:: Work required ::
The answer must be only the lines below from the one holding "EAGLE NEW BOOK of AIRCRAFT" down to the one holding "Ashanti poses in", ends included, printed exactly; please omit all pictures.

:: The data ::
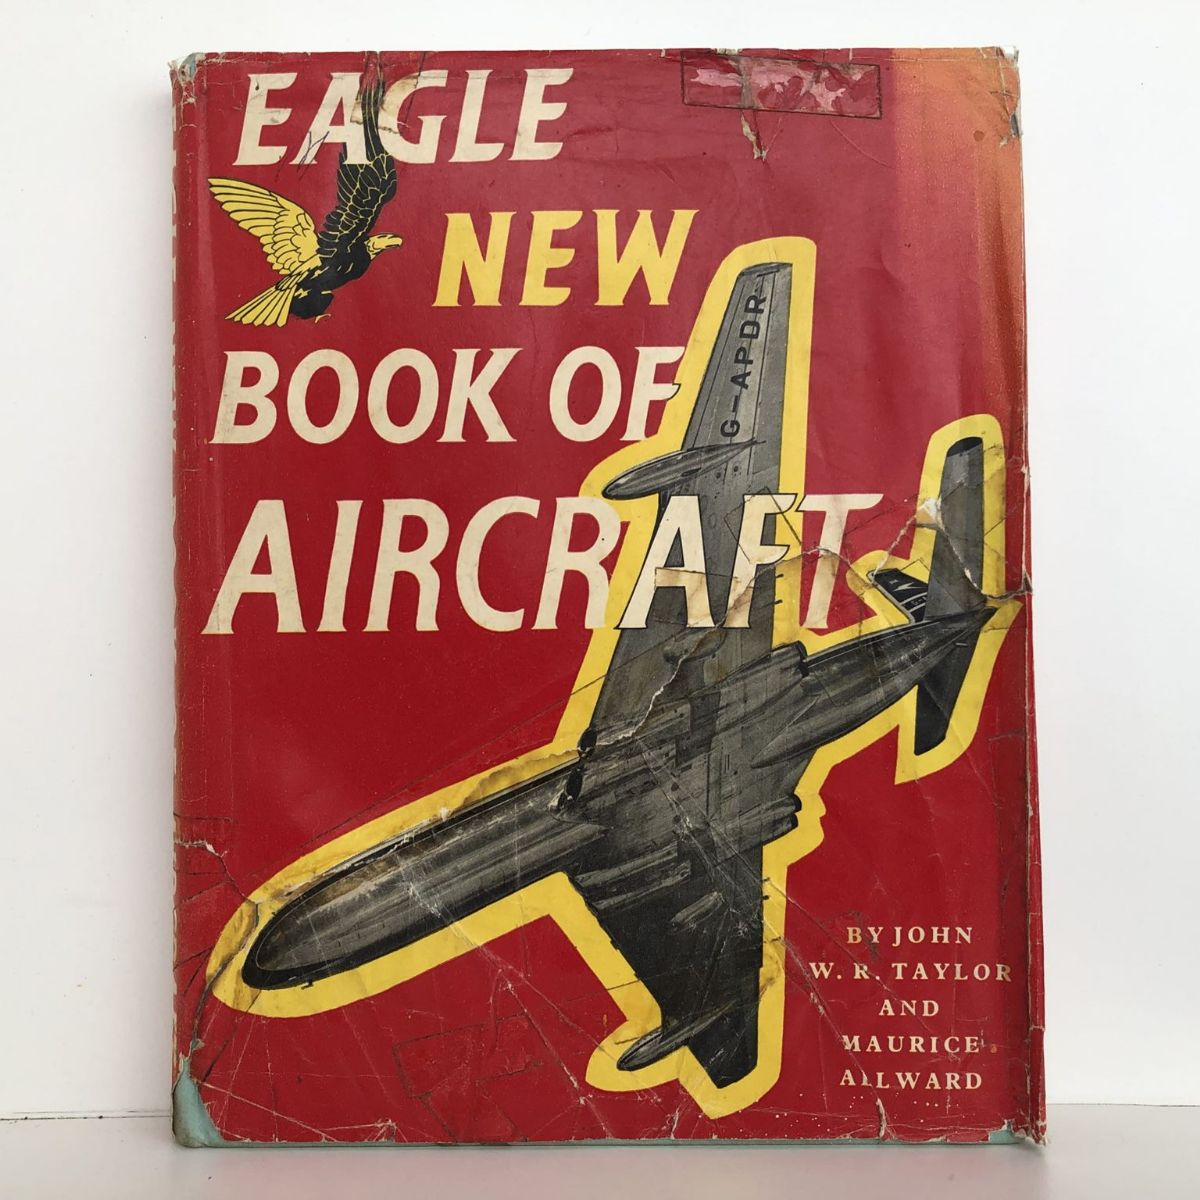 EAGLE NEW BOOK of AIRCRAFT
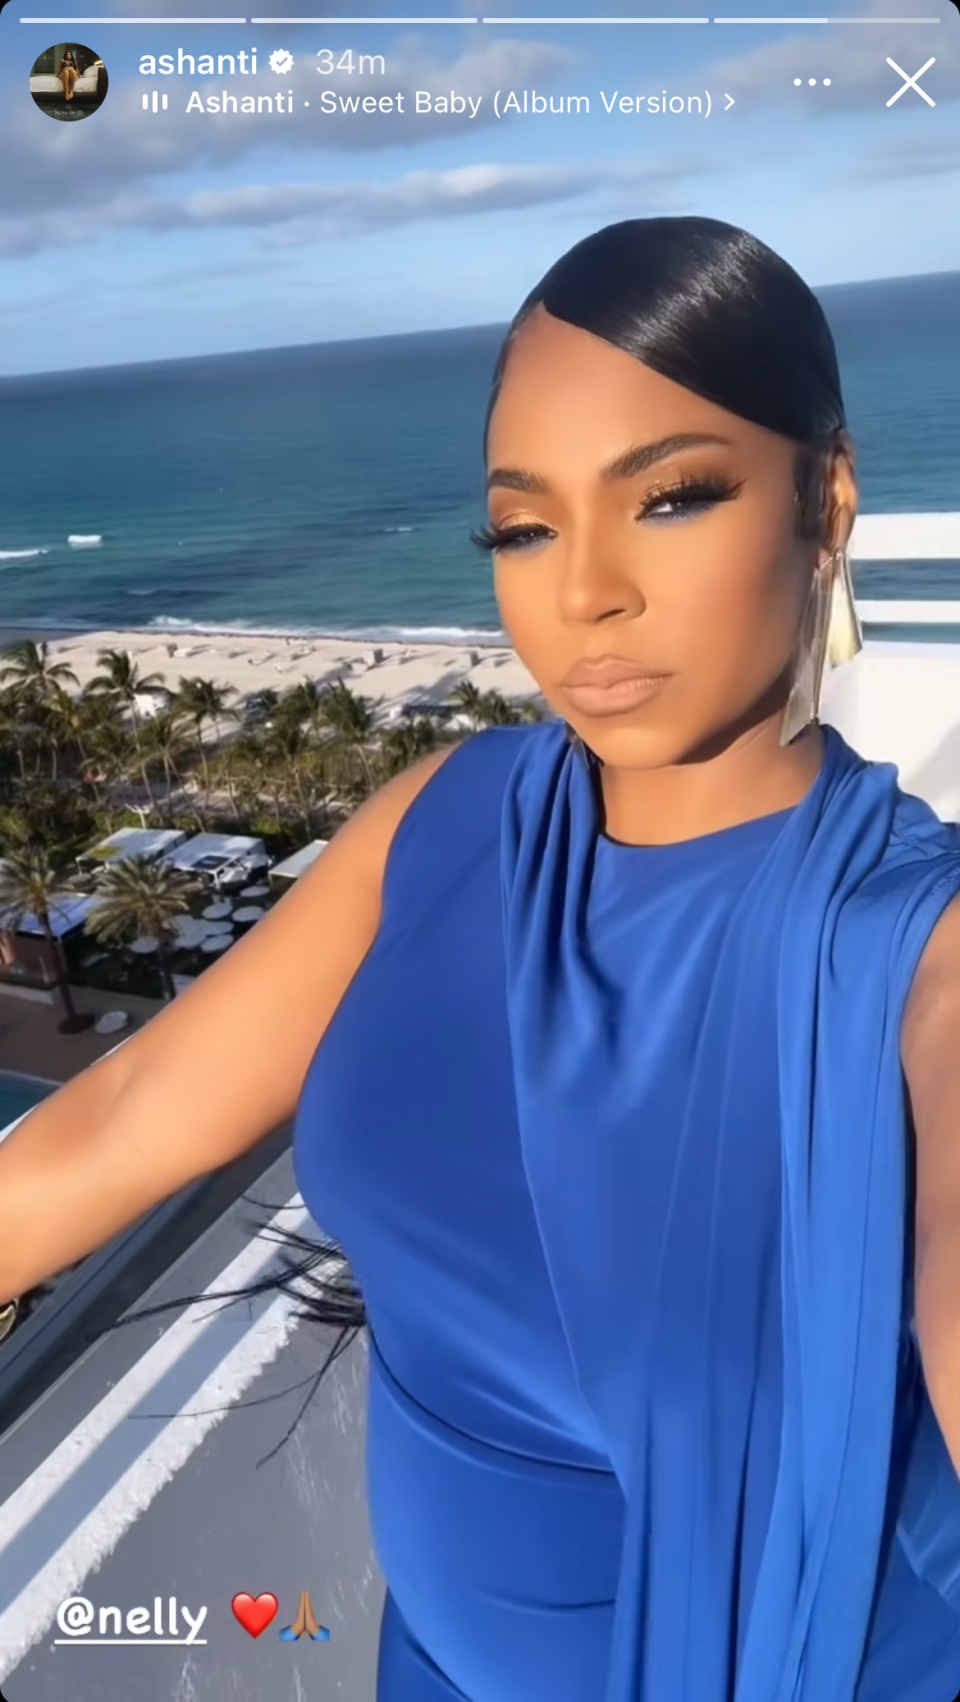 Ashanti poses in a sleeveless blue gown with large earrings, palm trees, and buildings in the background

---

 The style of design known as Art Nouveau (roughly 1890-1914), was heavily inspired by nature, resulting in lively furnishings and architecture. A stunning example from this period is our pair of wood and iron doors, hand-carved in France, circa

:: Response to the exercise ::
 EAGLE NEW BOOK of AIRCRAFT
 Ashanti poses in a sleeveless blue gown with large earrings, palm trees, and buildings in the background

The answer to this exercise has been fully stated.